が、未だにお市様の怒りは収まっていないらしく、目は血走り、息も荒い。
船の守りは藤堂与右衛門と水兵達に任せてある。
侍女長達も今回は船にお留守番中。
そういえば、大友氏との同盟の証として宗麟殿と奈多夫人との間に出来た娘が船旅に加わった。信長様の養女にとのことだが…。実質的には人質である。
名を景という。歳は16歳。見た目は若い頃の北川◯子似だ。九州一の美女といわれている奈多夫人(イザベル殿)に容姿も性格もそっくりとのこと。
景殿は、宗麟殿と奈多夫人が離縁することになったことにキリスト教が関与したことで俺のことを警戒しているようなのだが…。濡れ衣もいいところだろう。俺は宗麟殿と奈多夫人との離縁に全く関わってないし。それに関わったものがいるとすれば、これから向かうところにこそいるはずだ。
そいつに引き合わせて誤解をといておくか。
(しかし、嫁入り前の娘を同盟相手の養女にするとは慮外というかなんというか。政略結婚の道具にするなりなんなり好きにしろってところか?)
愛情が感じられないな。離縁する正妻との間に生まれた娘。しかも、その正室と容姿も性格もそっくりとなれば疎ましいものなのかもしれない。
(不憫な娘だ。女性の活用を目指す俺としては景殿の生き方をもっと自由なものにしてやりたいところだが…。旅の間に、本人の意向を聞いてみるか?
その上で信長様に相談しよう)
ともかく、俺たちはこれから日本の宣教師のトップと会う。
共は、俺とお市様と景殿、大谷紀之介、石田佐吉の他に護衛の兵が5名ほど。
大友紀之介こと大谷吉継は、のちに謎の眼病に悩ませられることになるが、今はまだその兆候もない。健全で人好きのする快活な若者である。

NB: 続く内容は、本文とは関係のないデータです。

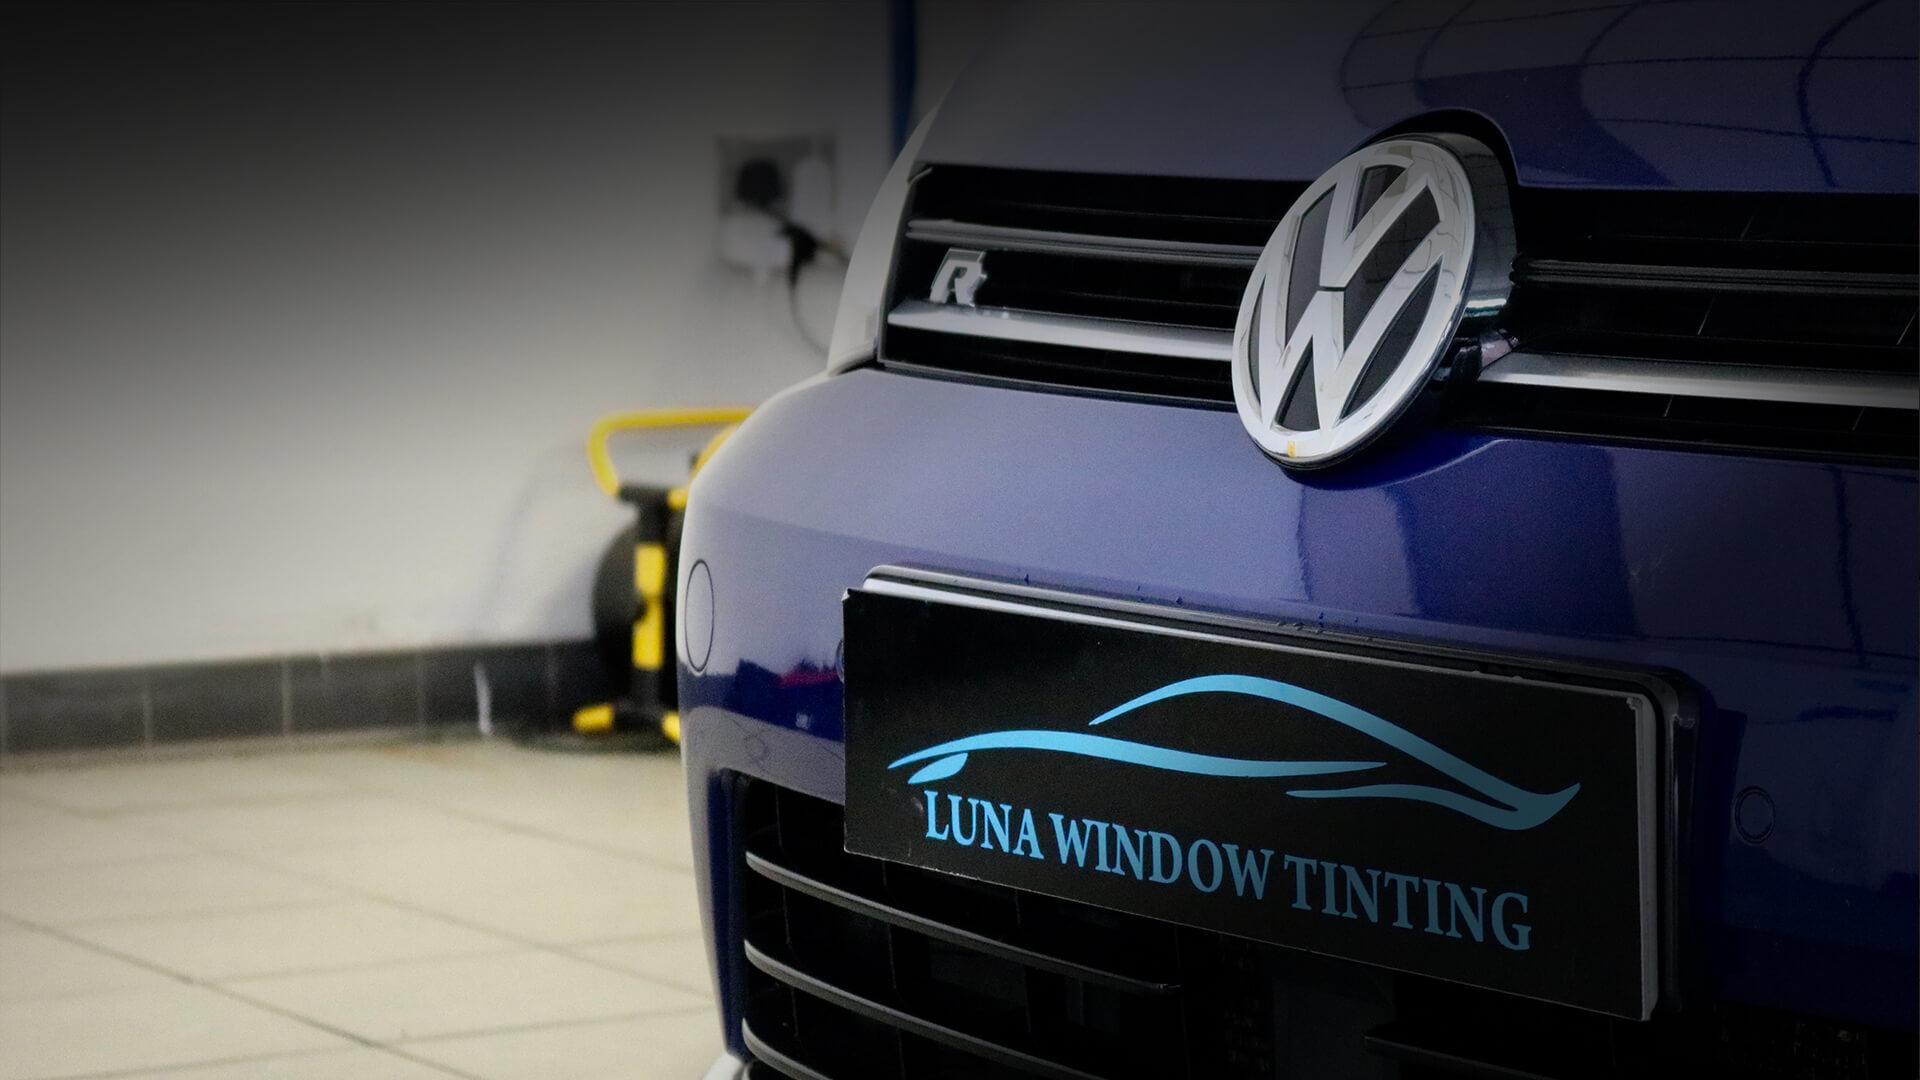 Luna Window Tinting | Car Window Tinting in Manchester

紀之介もお市様の怒った様子に触れないように、そっと距離をおいている様子。快活なだけでなく、要領もいい奴。
俺達がここの総責任者たるオルガンティーノ師に面会を求めて、待っていると…
かっかっと音をたてて大柄で金の髪と豊かな髭を蓄えた壮年の宣教師が礼拝堂の中に入ってきた。
ここは礼拝堂だけあって、音がよく響きわたるように設計されている様だが…。
こちらに近づいてくるかっかっという足音には、なんとなく静かな怒りのようなものが感じられるのだった。